Reputacja: 1 Fenrir__ ma wspaniałą reputacjęFenrir__ ma wspaniałą reputacjęFenrir__ ma wspaniałą reputacjęFenrir__ ma wspaniałą reputacjęFenrir__ ma wspaniałą reputacjęFenrir__ ma wspaniałą reputacjęFenrir__ ma wspaniałą reputacjęFenrir__ ma wspaniałą reputacjęFenrir__ ma wspaniałą reputacjęFenrir__ ma wspaniałą reputacjęFenrir__ ma wspaniałą reputację
Cleveland oderwał maszynę a pociski pomknęły w przestrzeń. maszyna swobodnie odpadła od rakiet tylko po to by z całą prędkością na jaką pozwalały silniki odskoczyły. Świat w oczach Cliffa zdawał się zlewać w wąski tunel. Zacisnął zęby i przyspieszał dalej. Gdy kompensatory zaczęły działać prawidłowo złapał za drążek i odbił wciskając do oporu pedał. Jego anioł wpadł w korkociąg a wrogie promienie przecięły przestrzeń. Jeden, dwa - ten był blisko, kontrolki ostrzegawcze zawyły, a kokpit przyciemniał, gdy jasny promień znikał gdzieś przed nim w przestrzeni… Trzeci był dalej… Czwartego nie zobaczył. Jego maszyną szarpnęło, gdy rozpalony energią do białości strumień cząstek uderzył w spód jego myśliwca. Rozerwał płyty pancerza. Kokpit rozbłysnął kontrolkami uszkodzeń. Połowa kondensatorów laserów wyparowała, czujniki podczerwieni szlak trafił, ale konstrukcja była nienaruszona… Cowboy poczuł jak zimny pot zalewa mu oczy…

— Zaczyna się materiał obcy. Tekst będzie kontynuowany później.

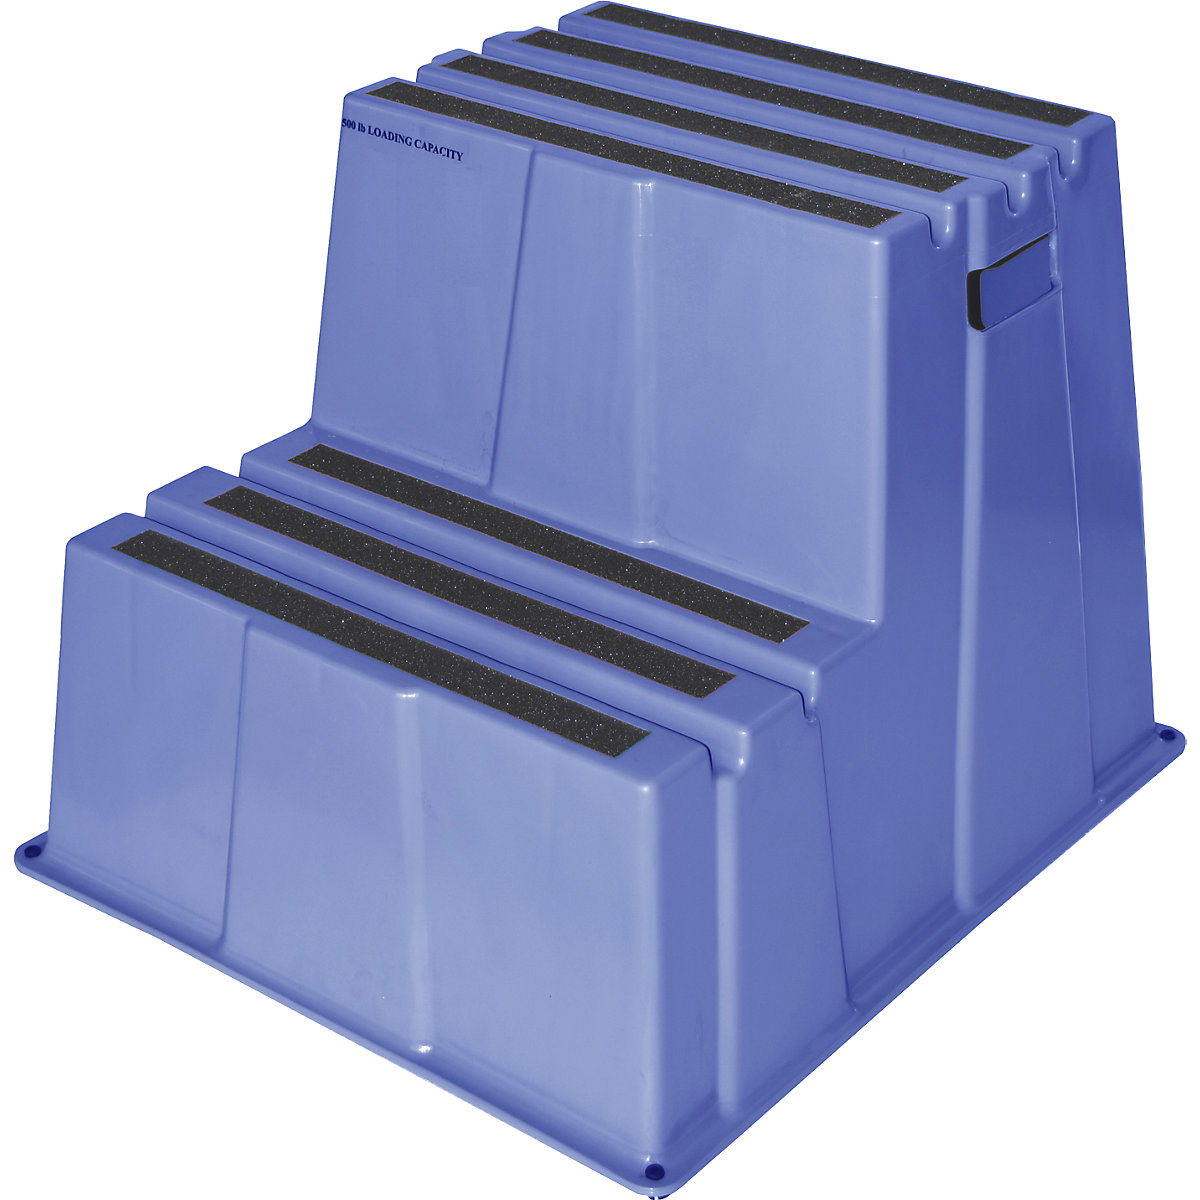 Scaletta in plastica con gradini con rivestimento antiscivolo – Twinco, portata 150 kg, 2 gradini, blu, a partire da 2 pz.-2

Na czerwono rozbłysnął komunikat o przekroczeniu norm promieniowania. Na moment się zapomniał i wypadł z kursu.

Szybko sprawdził, gdzie znajduje się Victoria. Musiał skorygować kurs.. Szybko poprawił znaczniki kursu.. Wtedy ostrzegawcze kontrolki ponownie rozbłysły. System wykrył namierzające go rakiety… 2..4… 12…
- Musiał im zajść za skórę. Zakręcił ponownie korkociąg i docisnął przepustnicę do oporu. Miał tylko nadzieję, że kompensatory w jego rannym rumaku dadzą radę!

Przeniósł wzrok na ekran na którym sensory śledziły jego rakiety. Pojawił się komunikat o wykryciu celu. Rakiety odpaliły. Statki przyjmowały szyk wokół dużej jednostki. Na czele wyroiły się mniejsze jednostki. Cleveland nawet nie wiedział skąd. Ekran rozbłysnął nagle wybuchami niszczonych rakiet. Promieni laserów nie było widać, ale skutki wybuchów były już widoczne.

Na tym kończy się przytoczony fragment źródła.